Each line in the material below, starting at the one with "backend developer salaries in Sweden" and ending at the one with "Macy's Flower Show", is to be reproduced exactly; no picture is to be copied.

» Provided data
== Segment start ==

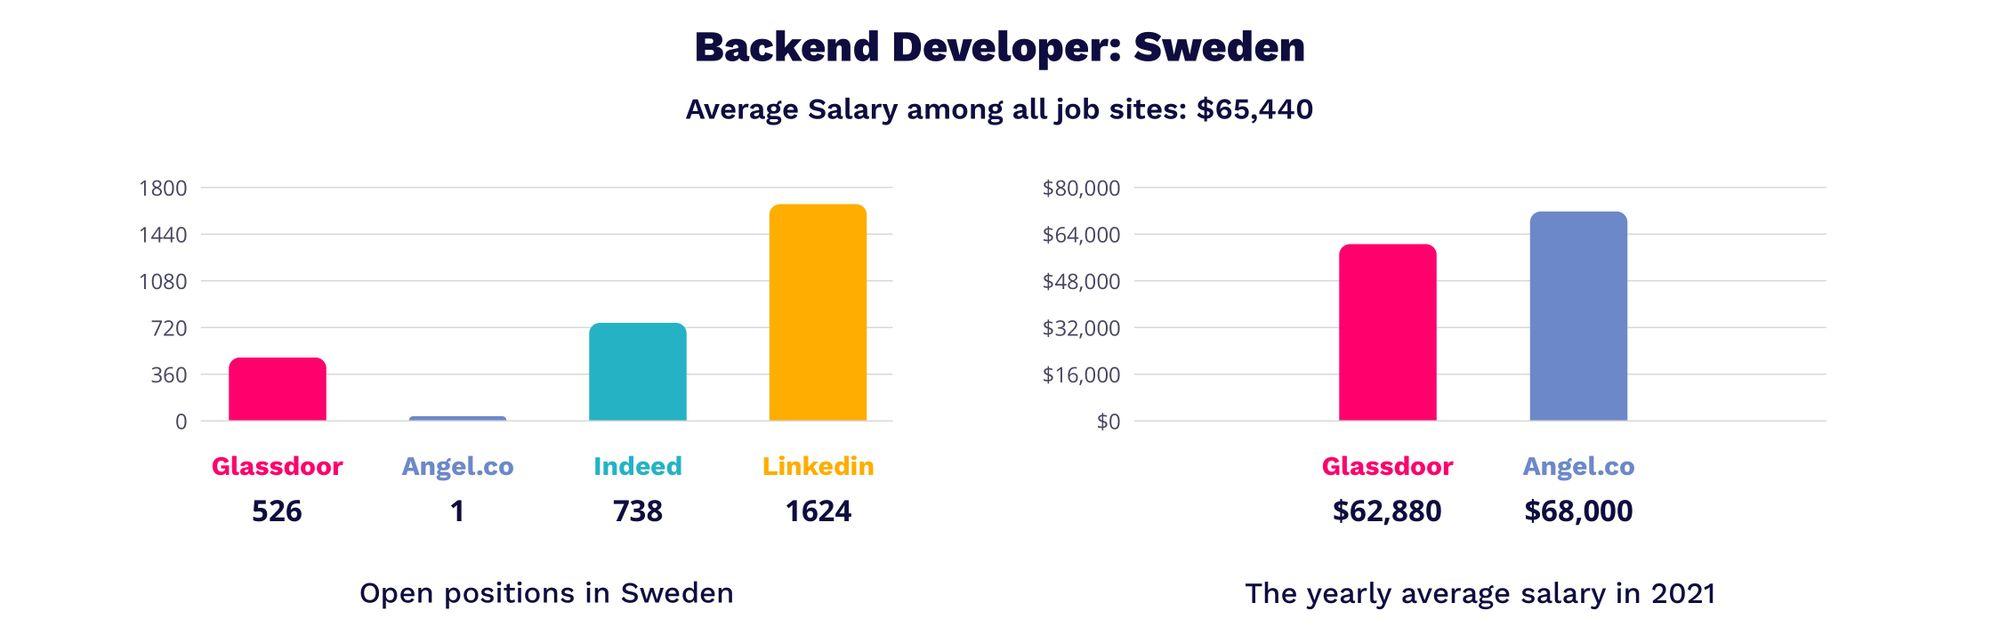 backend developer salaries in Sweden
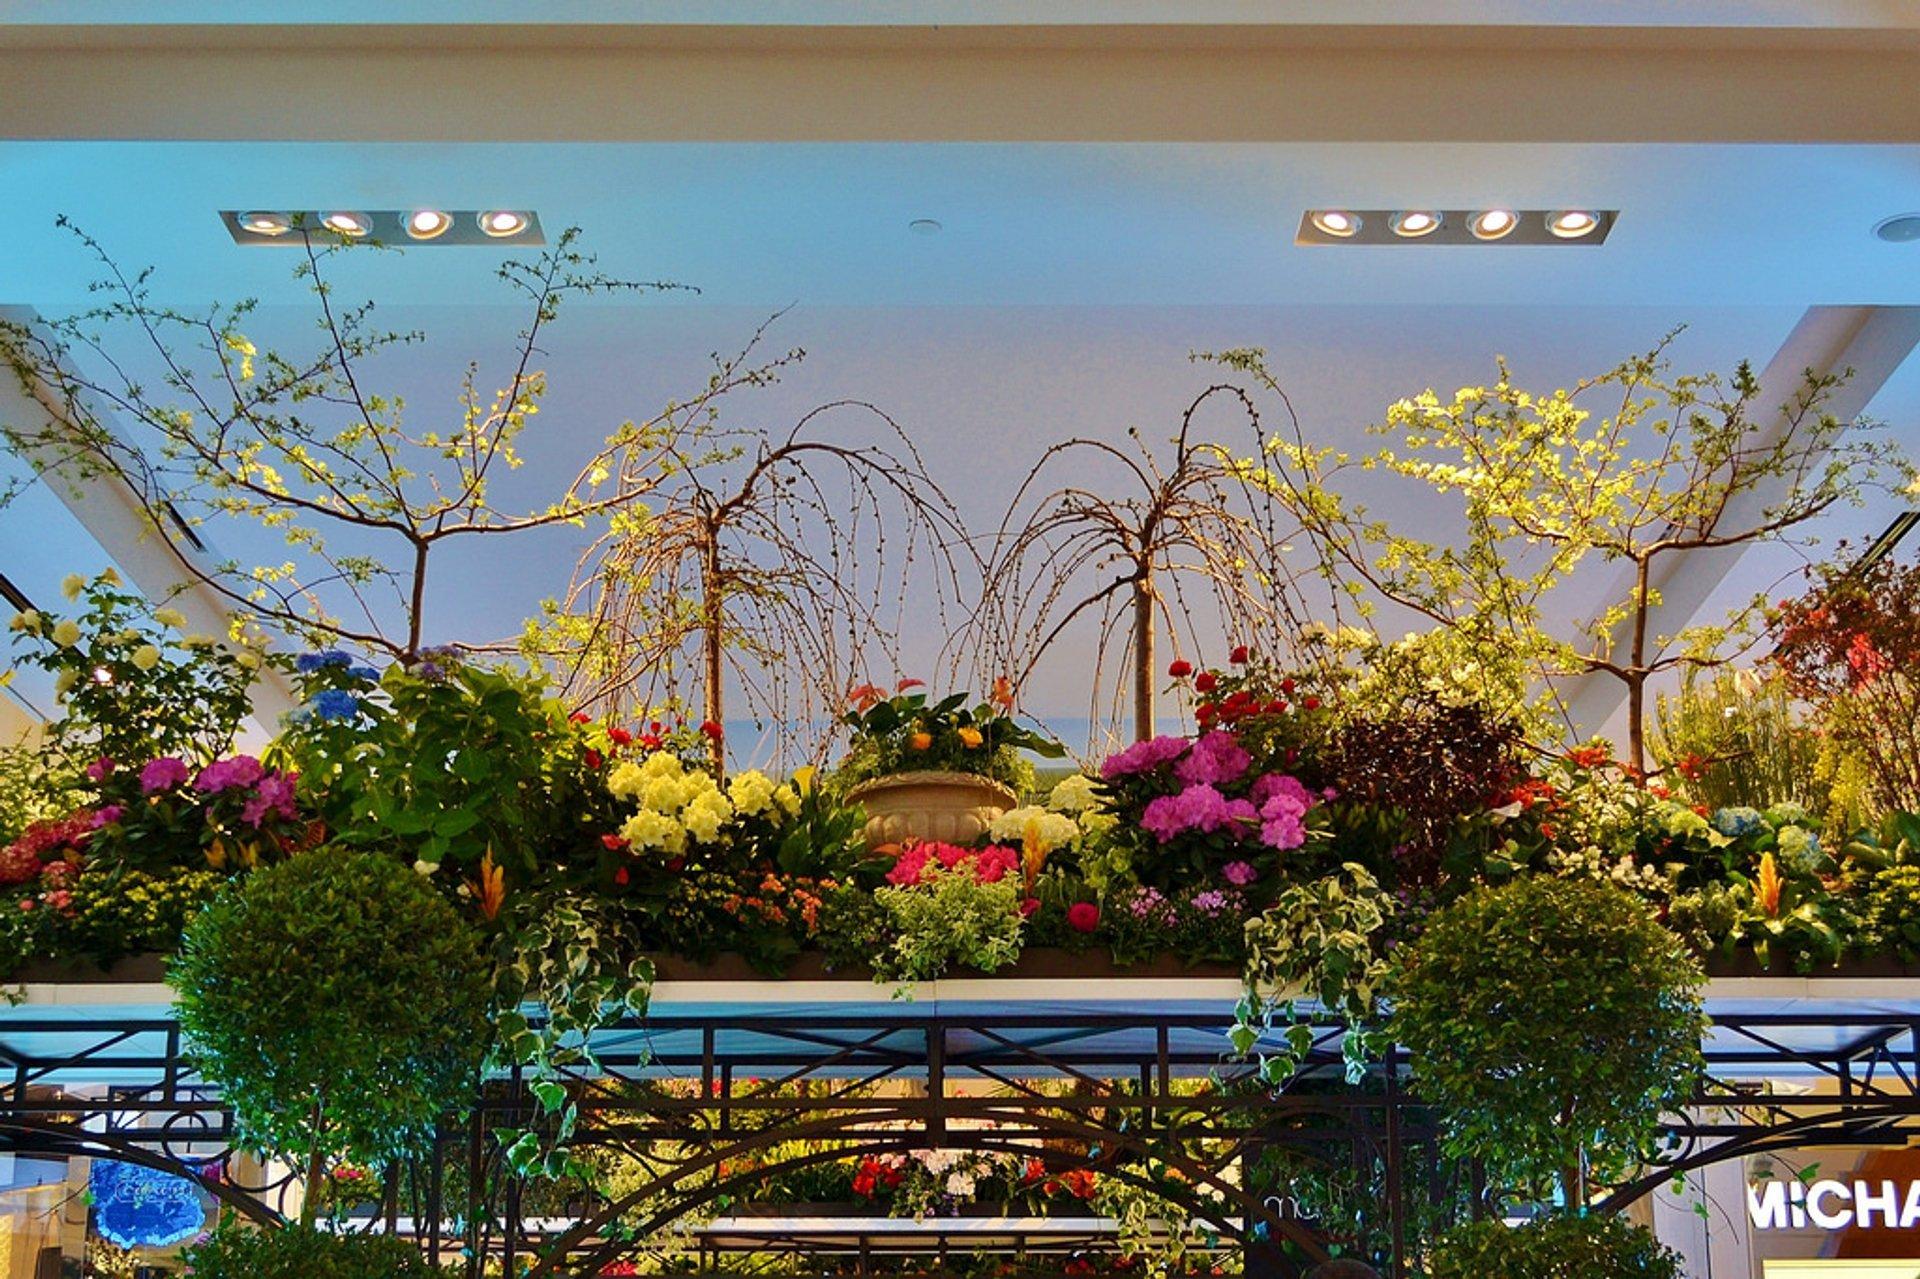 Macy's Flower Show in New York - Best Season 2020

== Segment end ==
== Segment start ==

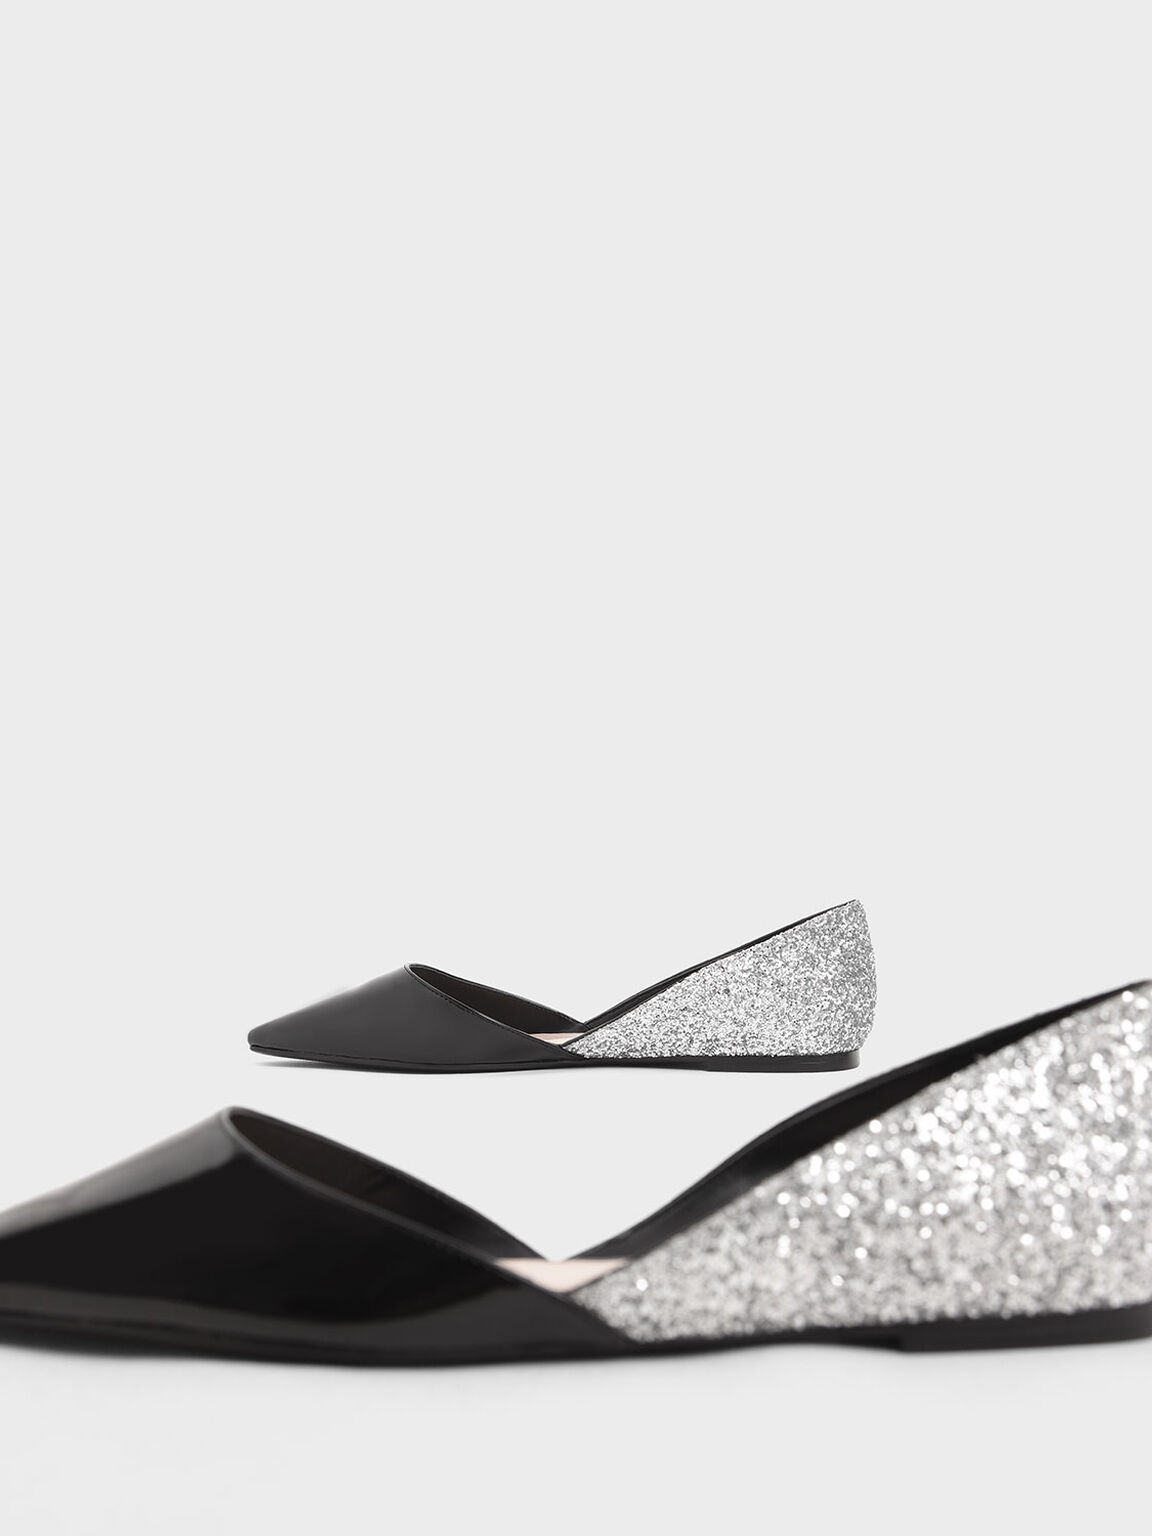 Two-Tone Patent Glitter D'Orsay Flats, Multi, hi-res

== Segment end ==
== Segment start ==

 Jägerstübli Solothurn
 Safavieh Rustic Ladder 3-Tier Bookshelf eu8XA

== Segment end ==

» Result of this task
 backend developer salaries in Sweden
 Macy's Flower Show in New York - Best Season 2020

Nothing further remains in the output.